Items listed in a dataset:
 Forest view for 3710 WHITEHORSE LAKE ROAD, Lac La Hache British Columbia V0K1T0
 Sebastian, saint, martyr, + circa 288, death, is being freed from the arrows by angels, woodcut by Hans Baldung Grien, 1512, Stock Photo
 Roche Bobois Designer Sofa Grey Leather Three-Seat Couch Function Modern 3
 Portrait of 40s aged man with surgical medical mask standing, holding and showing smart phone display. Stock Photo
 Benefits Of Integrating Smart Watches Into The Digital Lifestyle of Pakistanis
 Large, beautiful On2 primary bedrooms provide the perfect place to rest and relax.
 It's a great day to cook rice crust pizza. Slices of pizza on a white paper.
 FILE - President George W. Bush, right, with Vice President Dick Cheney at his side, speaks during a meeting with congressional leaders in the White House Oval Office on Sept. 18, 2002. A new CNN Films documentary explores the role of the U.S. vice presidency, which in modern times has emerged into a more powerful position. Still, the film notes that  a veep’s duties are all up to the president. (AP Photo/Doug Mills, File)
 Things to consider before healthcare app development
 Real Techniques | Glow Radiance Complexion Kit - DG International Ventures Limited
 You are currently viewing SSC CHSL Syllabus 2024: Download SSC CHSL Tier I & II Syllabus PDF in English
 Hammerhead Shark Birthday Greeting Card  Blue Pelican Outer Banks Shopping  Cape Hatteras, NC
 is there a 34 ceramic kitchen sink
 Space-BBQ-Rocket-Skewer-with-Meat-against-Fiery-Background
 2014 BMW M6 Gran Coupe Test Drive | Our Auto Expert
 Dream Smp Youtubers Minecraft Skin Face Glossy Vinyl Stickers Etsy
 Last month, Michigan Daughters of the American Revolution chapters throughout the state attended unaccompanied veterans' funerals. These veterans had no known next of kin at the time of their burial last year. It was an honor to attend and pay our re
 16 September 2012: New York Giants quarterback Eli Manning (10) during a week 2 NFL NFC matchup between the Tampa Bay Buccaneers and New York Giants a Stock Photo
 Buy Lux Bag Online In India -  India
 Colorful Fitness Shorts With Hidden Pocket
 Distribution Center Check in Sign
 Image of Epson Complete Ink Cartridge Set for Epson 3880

Work order
Your answer should consist of the lines from the line with "Distribution Center Check in Sign" through the last line of the data, set down exactly, both included.

Final answer
 Distribution Center Check in Sign
 Image of Epson Complete Ink Cartridge Set for Epson 3880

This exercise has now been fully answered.